Poco después de que la señora Anderton se pusiera en sus manos, y ante la insistencia de algunos amigos, el barón dejó de someter directamente a la señora a sus manipulaciones, pero siguió transmitiéndole el «fluido hipnótico» a través de una tercera persona. Madame Rosalie, la «médium» a la que se recurrió a tal efecto, era una joven con la que contaba regularmente el barón R. para estos menesteres, y es necesario decir aquí algunas cosas a propósito de ella.

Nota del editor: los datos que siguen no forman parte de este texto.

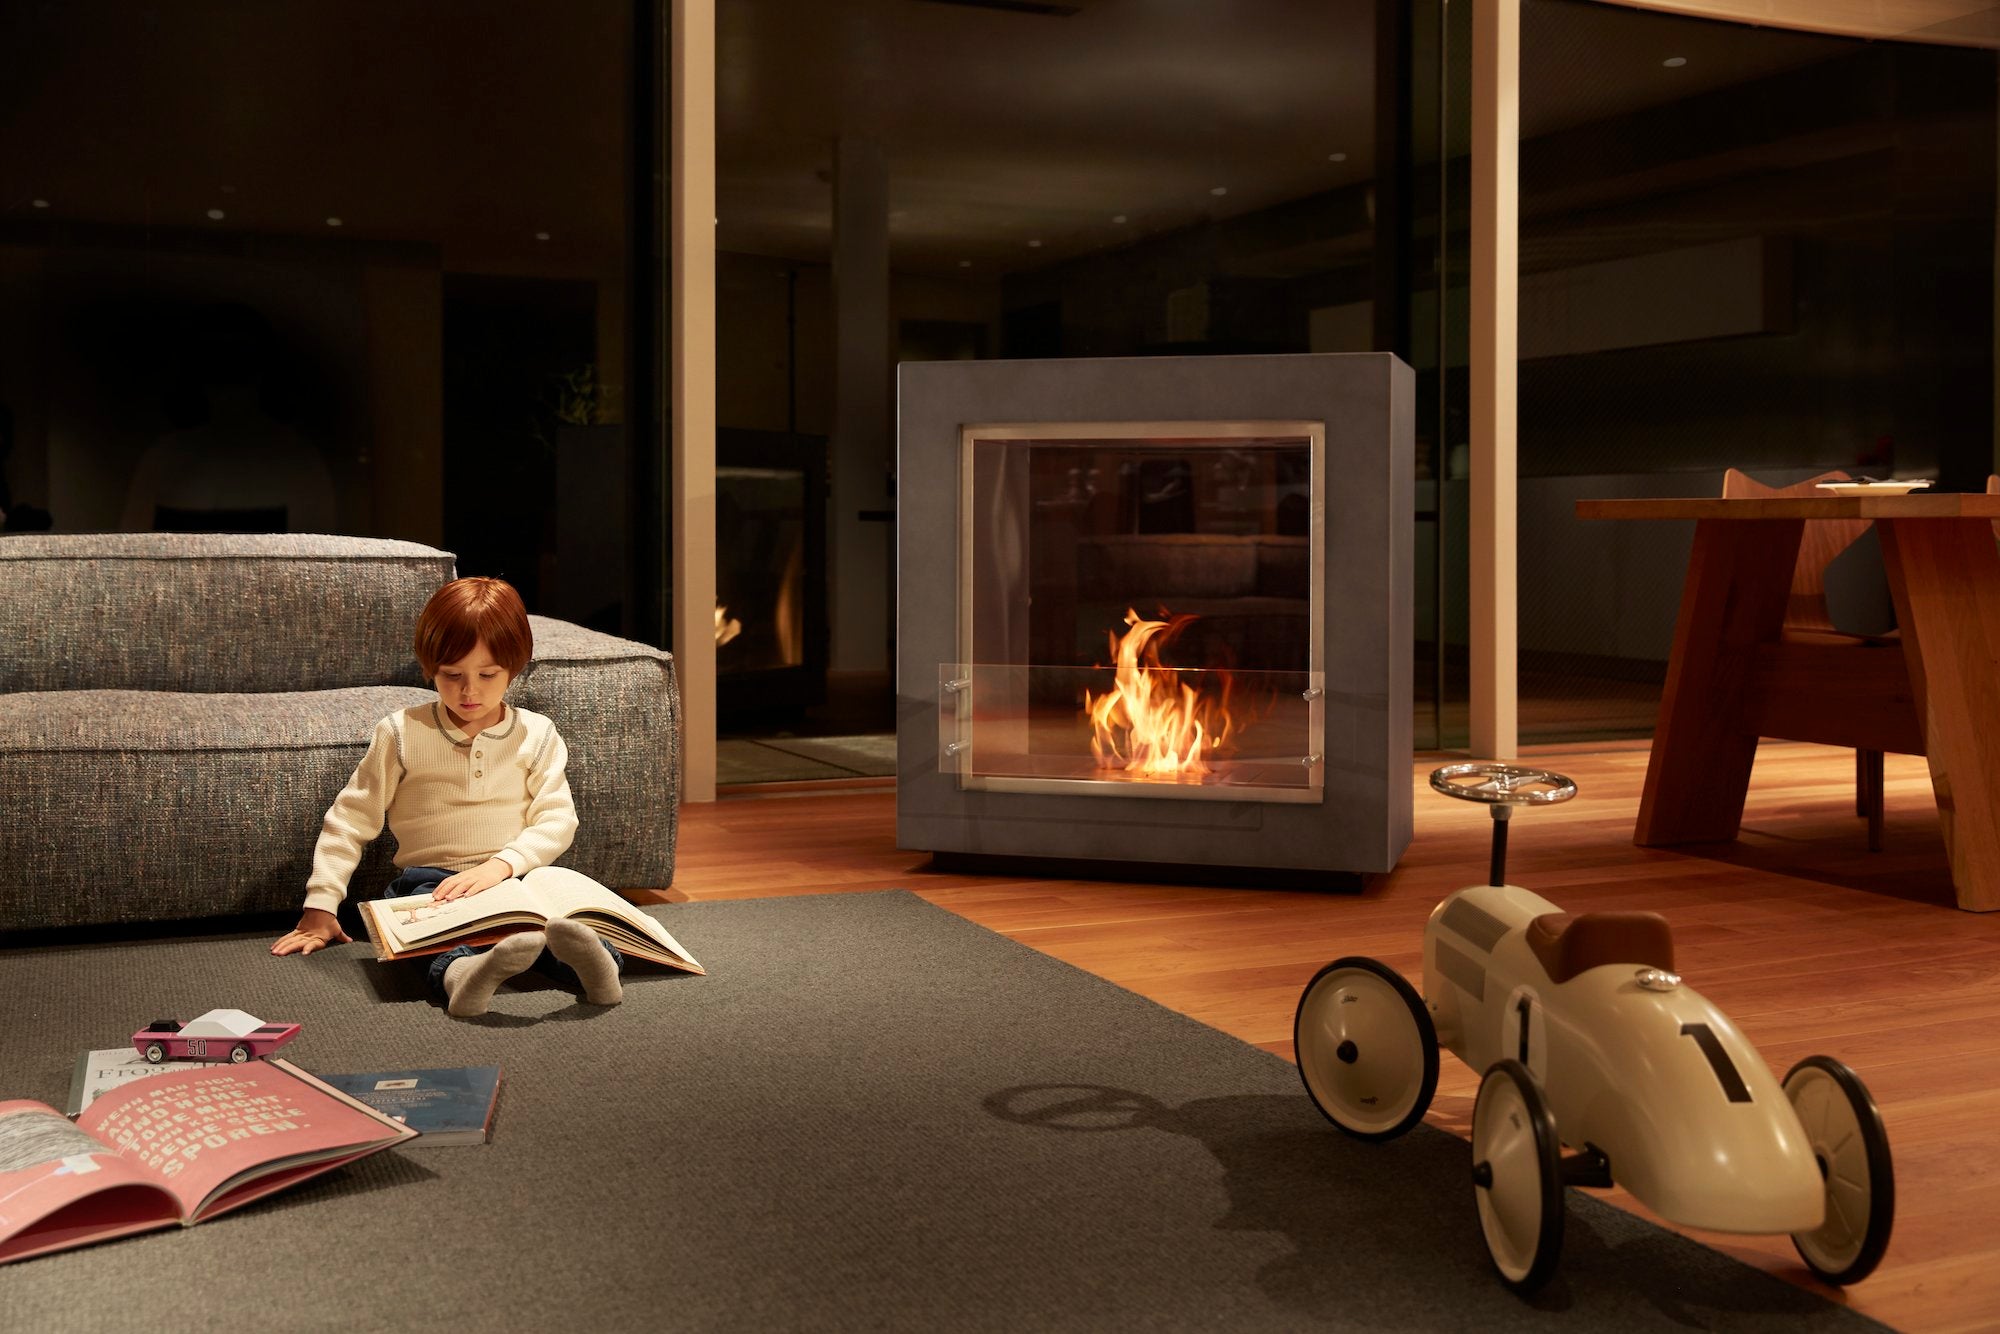 バイオエタノール暖炉「EcoSmart Fire」製品のFUSION STANDARD COLORをリビングに置き子どもが温まっている画像。暖炉と違って工事が不要なため、自由な場所に配置できています。
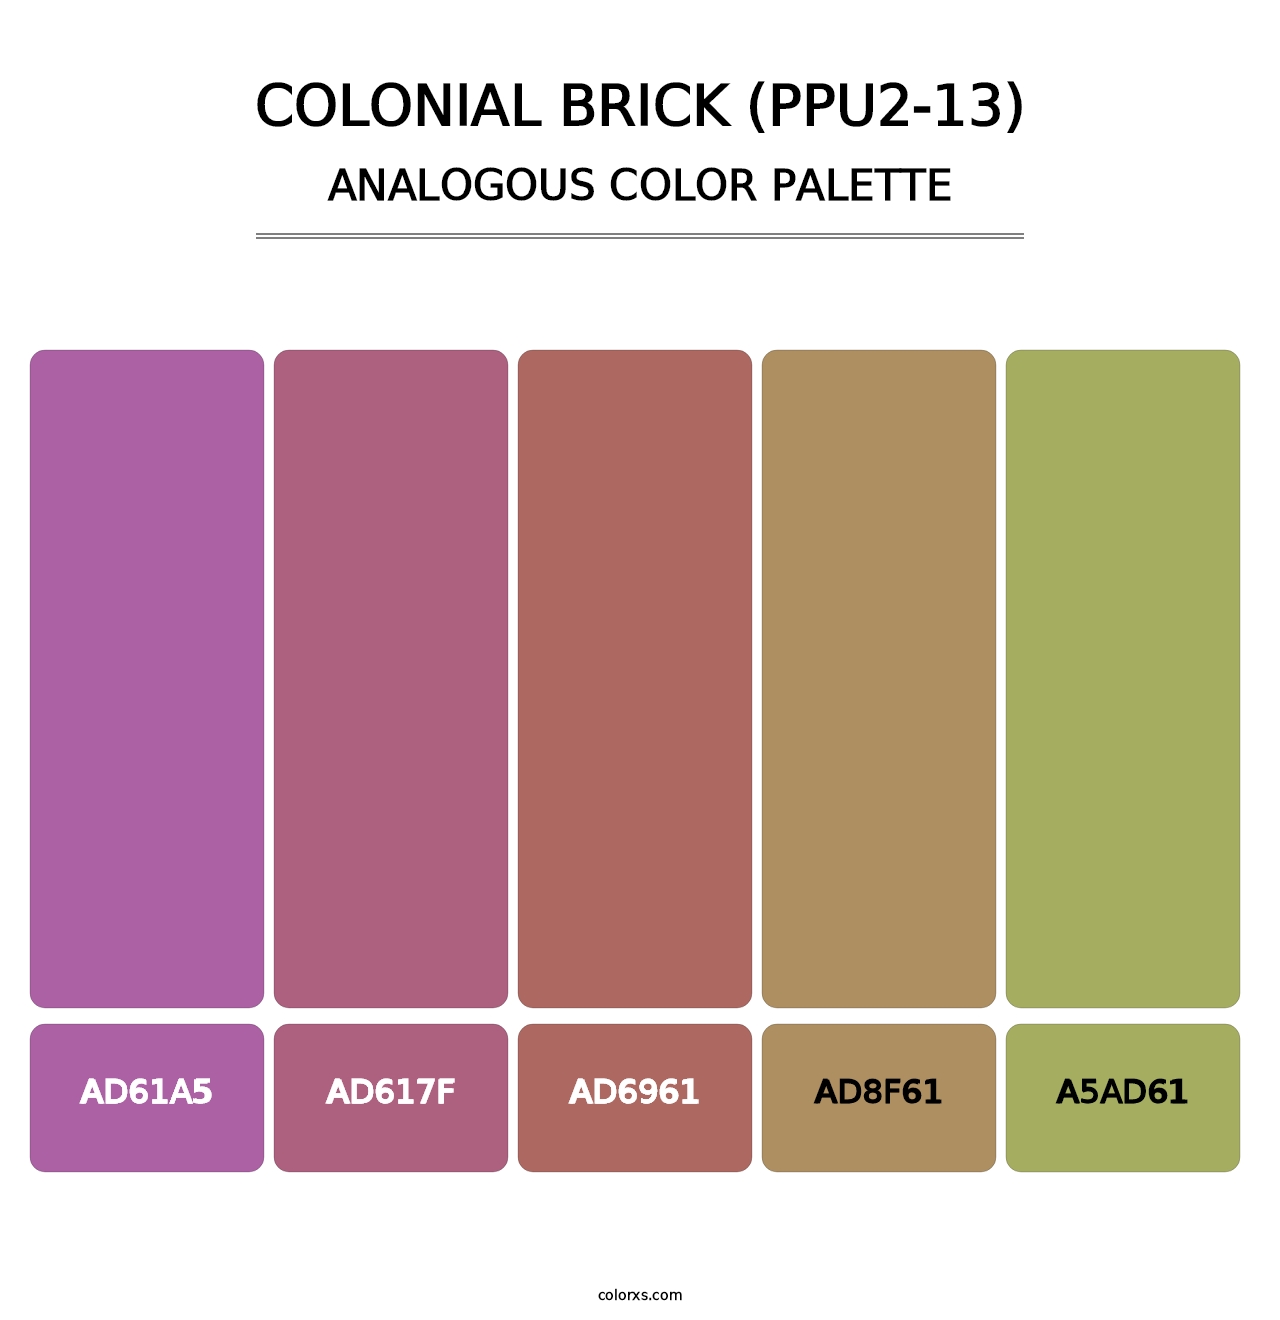 Colonial Brick (PPU2-13) - Analogous Color Palette

Al parecer, era de la misma edad que la señora Anderton, aunque tal vez pareciera un poco mayor de lo que era; de tipo delgado y pelo y ojos oscuros, respondía en todos los aspectos a la descripción de la hermana perdida de la señora; en todos menos uno: la única diferencia a la que nos referimos, la de los pies, anchos y grandes, está perfectamente justificada por la clase de trabajo que había desempeñado hasta entonces. Había ejercido varios años de bailarina y equilibrista en la cuerda floja, contratada por el propietario de un circo ambulante, quien, por su parte, había comprado a la niña a unos gitanos en Lewes por una cantidad irrisoria, precisamente en la época en que la menor de las hermanas Boleton desapareció con unos gitanos que se sabe que viajaban hacia el oeste y pasaron por Lewes. Al propietario del circo se la compró el barón, que, al parecer, ya desde el principio ejercía una gran influencia en ella, pues, bajo el poder de su mirada, se cayó al suelo durante una actuación porque la conminó a detenerse en seco en plena ejecución de su número. Creo que no cabe la menor duda de que la niña Rosalie era en realidad la hermana perdida de la señora Anderton, y veremos que este dato no tardó en llegar a conocimiento del barón R.

No parece que la primera vez que las hermanas se encontraron el barón tuviera idea de la relación que las unía. Es más, ignoraba por completo la vida anterior de ambas. Por lo tanto, es probable que el barón atribuyera a la «conexión hipnótica» la extraordinaria empatía que se manifestó inmediatamente entre ellas y que no descubriera casualmente su verdadero origen hasta unas semanas después de haber empezado el tratamiento de la señora Anderton. Por otra parte, tampoco parece que esta singular empatía —que se manifestaba entre ellas exactamente de la misma forma que años antes, cuando eran pequeñas— levantara las sospechas de la señora Anderton ni de su marido sobre su verdadero origen. Y, lo que es más, siempre se había procurado por todos los medios no recordar los años de infancia a la señora Anderton, hasta el punto de que casi se le había olvidado el incidente, si es que no lo había olvidado por completo; por otra parte, dicho incidente no era para su marido más que una anécdota que había perdido todo el interés hacía mucho tiempo.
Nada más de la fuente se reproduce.